Emissions Control, Myths and Realities
COST Comments: Carbon emissions policies can have a major impact relative to COST’s mission: “sustainable, cost-effective people mobility solutions for the Austin region.”
The article below from the American Enterprise Institute helps to “frame” the issue for the United States and the world, providing a more constructive basis for addressing mobility solutions.
The United States is having better luck at controlling its emissions than most other countries, without the multi-billion-dollar mandates of the Kyoto anti-global warming treaty, says Drew Thornley, author of a new report, “Energy & the Environment: Myths & Facts,” published by the Manhattan Institute.
According to the U.S. Energy Information Administration (EIA):
• Carbon-dioxide emissions from the combustion of fossil fuels increased 0.7 percent in the United States from 2000 to 2006, far below the worldwide increase of 21.6 percent.
• During the same period, emissions grew 4.9 percent in Europe, 37.6 percent in the Middle East, and 52.3 percent in Asia.
• Major developing nations saw big increases; for instance, India, Malaysia and China’s emissions increased 27.7 percent, 45.8 percent and 103 percent, respectively.
In 2006, China passed the United States as the world’s biggest carbon emitter, and its lead is growing daily:
• The EIA projects that China’s energy-related emissions of carbon dioxide will exceed American emissions by almost 15 percent in 2010 and by 75 percent in 2030.
• In 1990, China and India together accounted for 13 percent of the world’s emissions; in 2005, their contribution was 23 percent; and in 2030, they are expected to account for 34 percent of the world’s emissions.
The best-known U.S. carbon-cutting legislation provides a good idea of just how costly such plans run:
• America’s Climate Security Act, also known as the Lieberman-Warner bill, called for emission reductions of 63 percent below the 2005 level by 2050 (President Obama’s much more ambitious plan is to cut emissions 83 percent below 2005 levels by 2050.).
• The Environmental Protection Agency (EPA) projected that Lieberman-Warner could, by 2050, lower gross domestic product (GDP) by up to 6.9 percent, increase average gasoline prices by $1.40 per gallon, and raise electricity prices by 26 percent.
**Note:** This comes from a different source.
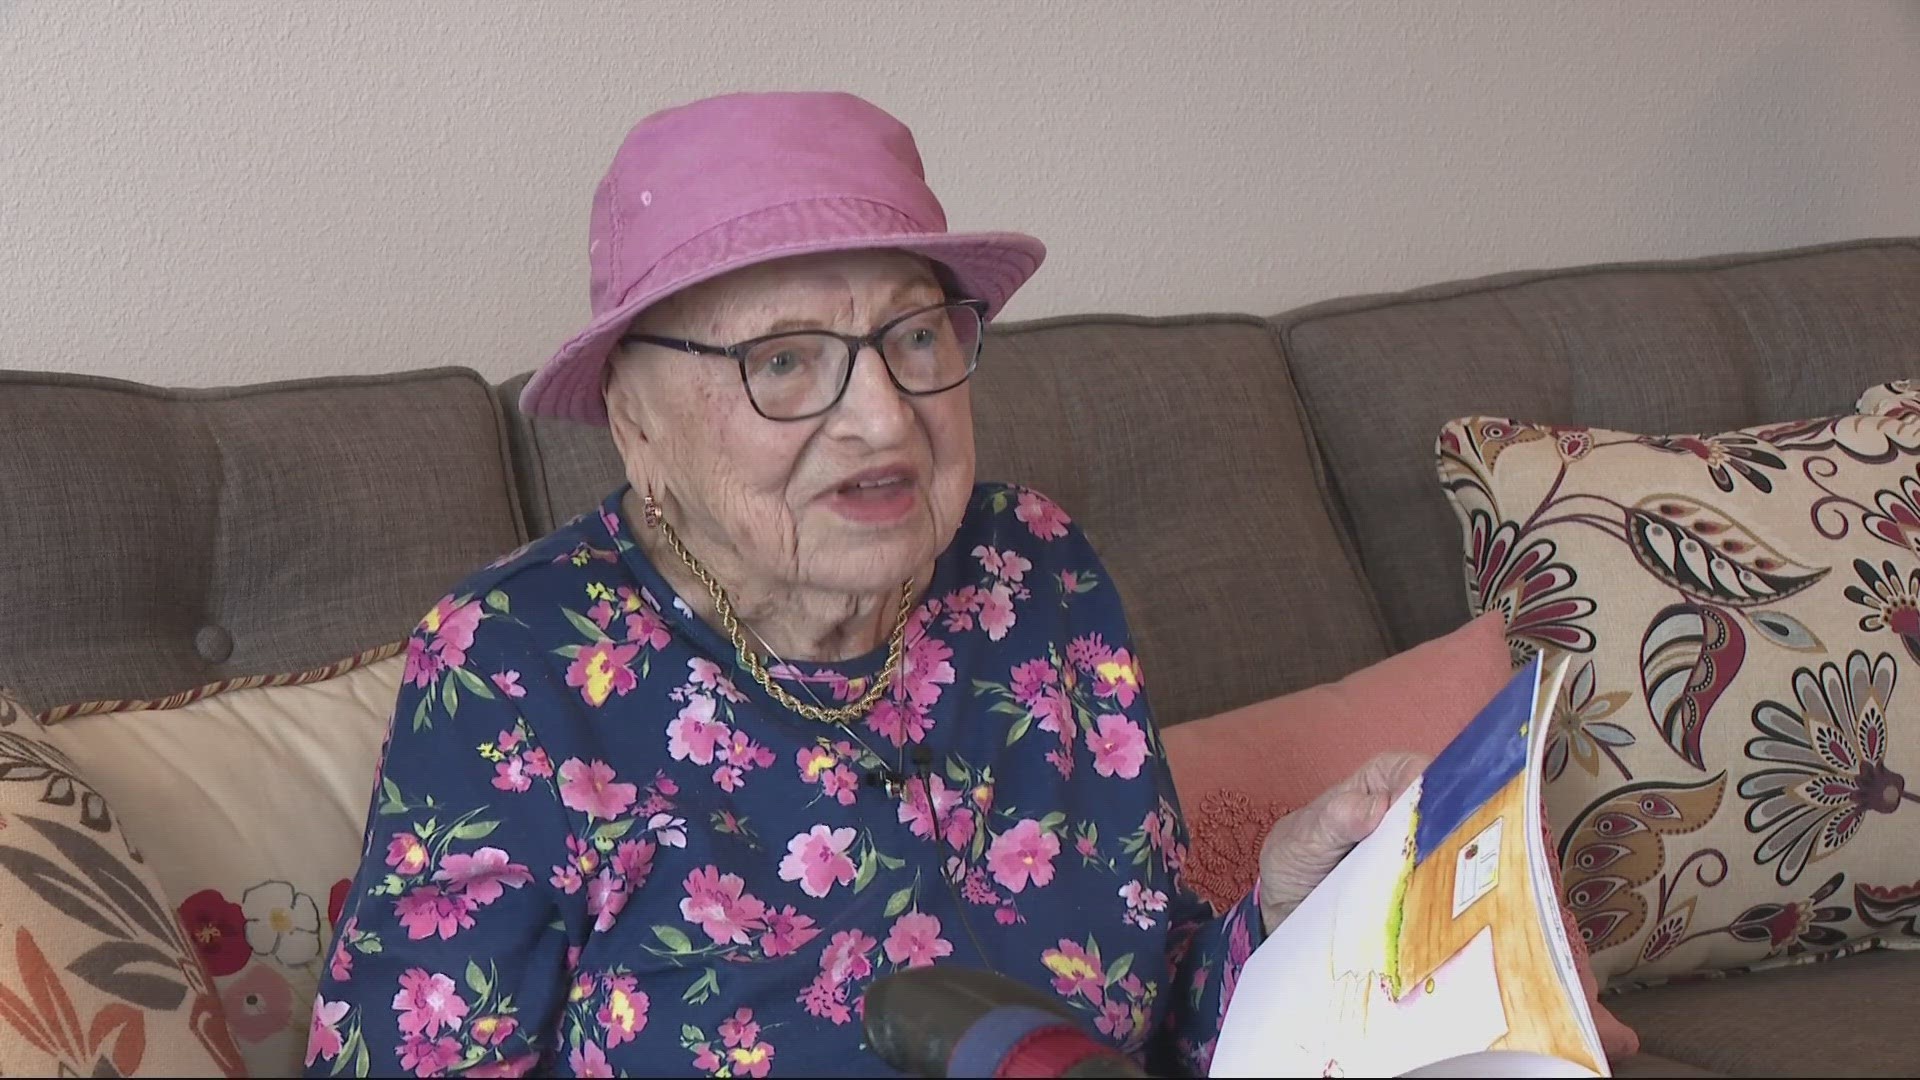 Sigrid Scully has done many things in her life and she recently added another achievement. She published a children's book, "If I Could," at the age of 96 years old.

Many private economic estimates were considerably higher.
• The EPA projected that America’s Climate Security Act could, by 2050, lower GDP by up to 6.9 percent, increase average gasoline prices by $1.40 per gallon, and raise electricity prices by 26 percent.
We have a growing population with growing energy needs. The last thing we should do is implement policies that will reduce the supply of energy. We need more energy, and we need affordable energy. Adopting a carbon-cutting regime, à la Kyoto, will give us neither, says Thornley.